The 7 Deadly Sins of Mobile App Store Testing

Learn how successful mobile publishers differentiate themselves and gain sustainable competitive advantages in their app store optimization (ASO) efforts.

Mobile marketers are stuck between a rock and a hard place. On one hand, they’re in charge of optimizing their storefronts in the Apple App Store and Google Play Store, faced with the challenging goal of driving measurable results. On the other hand, they must deal with limited tools, limited data, and constantly changing rules (like dynamic app store algorithms) as they attempt to achieve their business goals.

That said, successful mobile marketers don’t give up and accept the current landscape as is. They leverage what they can to drive growth for their apps and games and help their companies navigate the stormy app store waters. But many aren’t so lucky. They may understand that app store optimization (ASO) testing should be a critical component of their mobile marketing strategy, but they’re not uncovering actionable insights or results when doing so.

After analyzing thousands of Google Experiments and app store creative tests, we discovered what makes some companies successful in their app store testing efforts and others not. To ensure you maximize the benefits from your tests, we compiled our findings into a list of the 7 deadly app store testing sins to avoid at all costs.

Sin #1- Testing on Google Experiments and Implementing Results on the Apple App Store

In almost every situation, testing on Google Experiments and using the results on the Apple App Store can actually harm the conversion rates (CVR) on iOS. In fact, we’ve found that implementing the same creatives on both platforms can lead to a 20-30% decrease in installs on the Apple App Store.

Different Stores, Different Strategies

This is because the two platforms are different in many ways:

  • Android users are simply different than iPhone users—the two audiences have distinct behaviors and preferences
  • Despite the Google Play redesign, the layouts are still different (e.g., no autoplay on Google Play, different image resolutions, etcetera), which creates varying visitor behavior
  • Competition differs across both platforms
  • Google Experiments itself isn’t a sufficient ASO tool on its own, so in general, it won’t reveal enough insights that you can apply to iOS in the first place

This is a dangerous mistake because it’s so commonly recommended. More often than not, though, the people suggesting this approach are agencies that don’t have access to sophisticated testing technology. For that reason, they stick to their only available option, which is running a Google Play Store Listing Experiment, and then using the winning variation on iOS.

Need a recap or missed our mobile growth conference? Access videos and decks





    Sin #2 – Optimizing for the Wrong Audience

    When running an app store test, it’s crucial that you segment your audience strategically in order to drive valuable results that will actually impact your company’s top and bottom lines. That said, many companies still optimize for the wrong audience.

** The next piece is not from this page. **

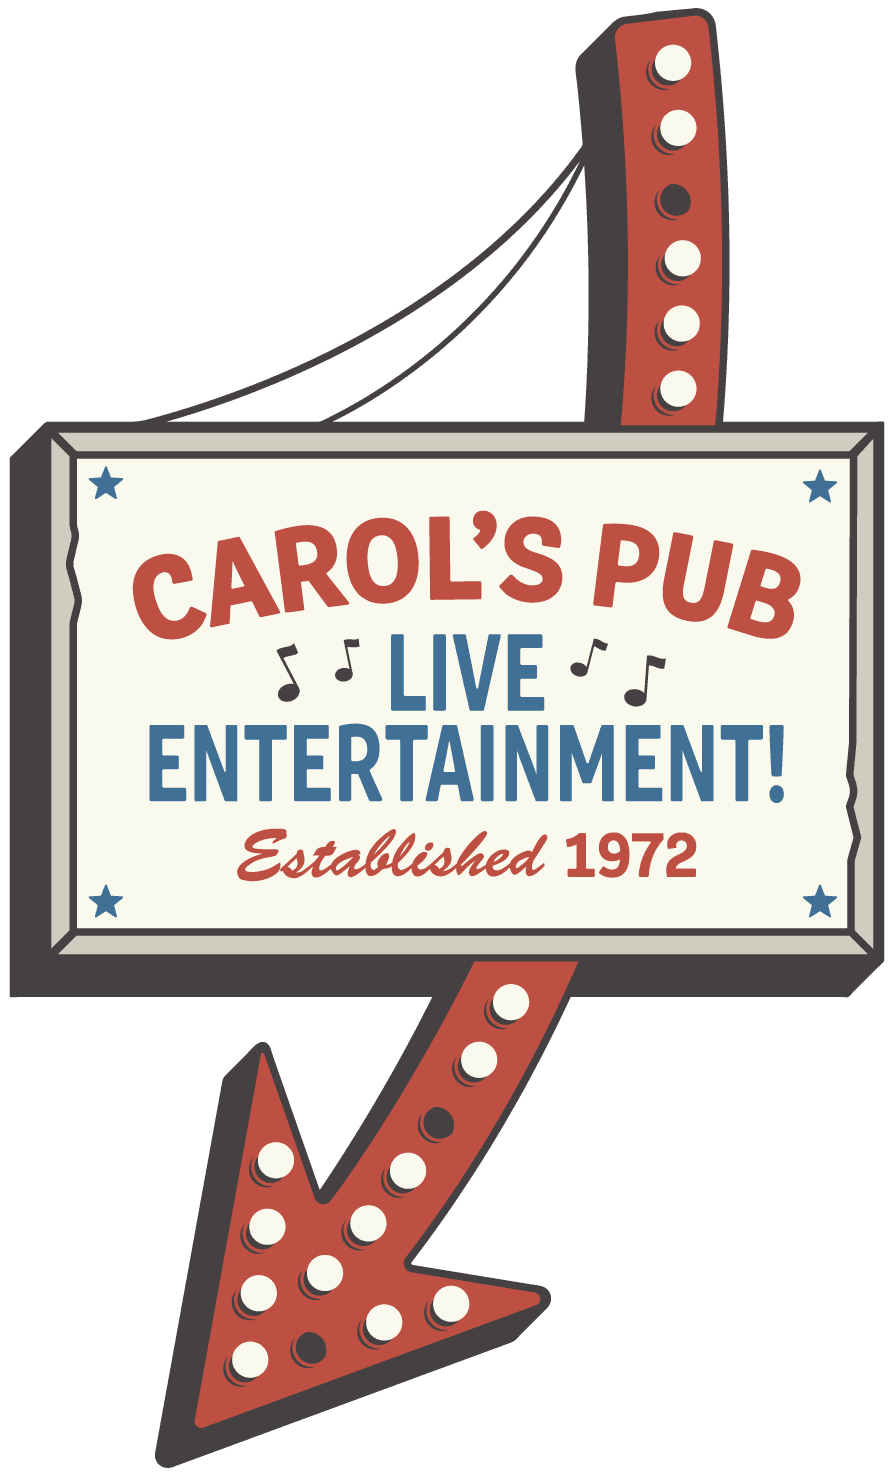 Carol's Pub arrow logo

    Let’s examine two common mistakes:

    1. A well-known brand is featured in the top charts during the time they conducted a Google Store Listing Experiment. This means they received a significant amount of traffic from a broader, lower quality audience browsing the Google Play Store. In reality, this brand has a specific age and demographic group that provides them with greater lifetime value (LTV), but their high quality users were drowned out by all the installs coming from browse traffic. When the test concluded and a winner was declared, the results were skewed in favor of the variation that was most effective in converting the low quality audience. This led the company to update their Store Listing with an asset that was optimized for an audience that isn’t their core, high value user group.
    2. A mobile brand runs a test in a sandbox environment and samples users only from a low-quality ad network since they’re less expensive to acquire and drive to the test. After the test concludes, the brand employs the winning variant in the store only to find out they optimized their assets to convert low-quality users and most likely lowered the conversion for their high-quality traffic.

    When this happens, it’s difficult to justify investing resources into app store testing because top level stakeholders don’t see it impacting company-wide KPIs or sufficiently moving the needle.

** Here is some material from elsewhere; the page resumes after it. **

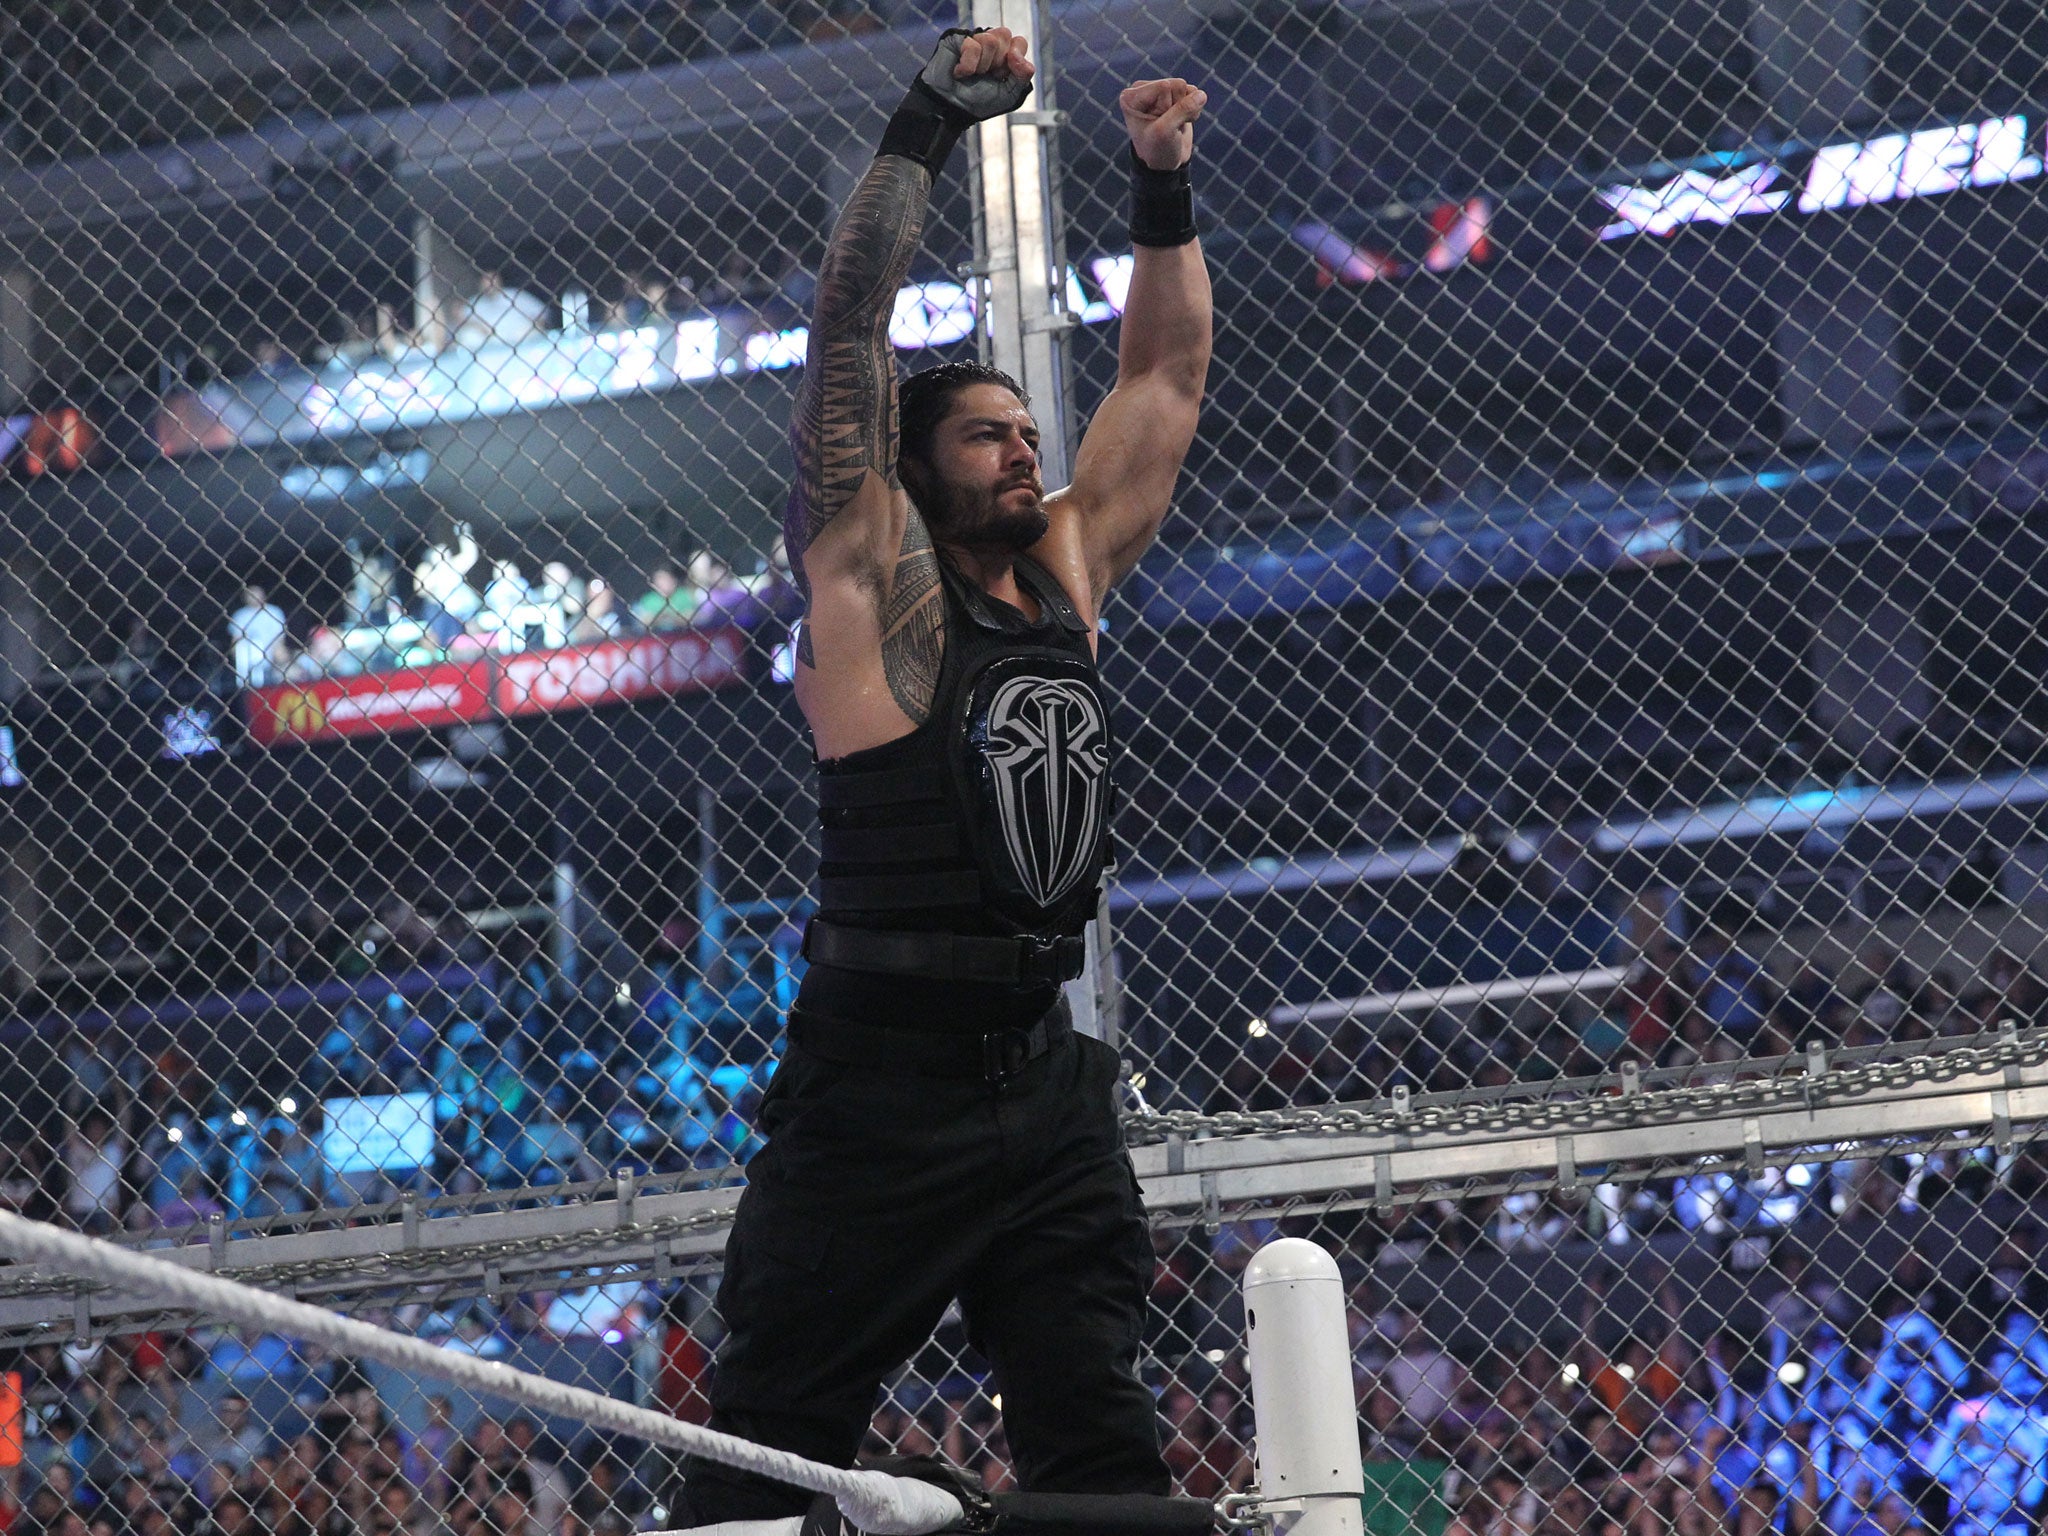 Roman Reigns celebrates his victory over Bray Wyatt

    Instead, companies should perform extensive research into the audiences that provide them with the highest value [e.g., lifetime value (LTV), retention, etcetera] and ensure their test sample is representative of that audience.

    Sin #3 – Measuring Results in an Invalid Way

    Even if your test is run flawlessly, it’s easy to make the mistake of measuring results using a model that’s too simplistic.

    For example, some companies use pre and post-test analyses that calculate the average CVR two weeks before the change and compare it to the average CVR after the change.

    This approach fails to take into account many variables that affect conversion and app units in the store, such as keyword ranking, overall and category ranking, being featured, the level of user acquisition (UA) spending, competitors’ changes (e.g., creative updates, UA spending, etcetera), and more. It’s crucial to develop the right modeling methods that enable the creation of a true baseline, which takes different fluctuations into account, in order to measure the real impact of any changes.

    Without accurately measuring the impact, companies can arrive at the wrong conclusions: that creative changes don’t matter, or that conversion rates were hurt when, in reality, they experienced a positive uplift.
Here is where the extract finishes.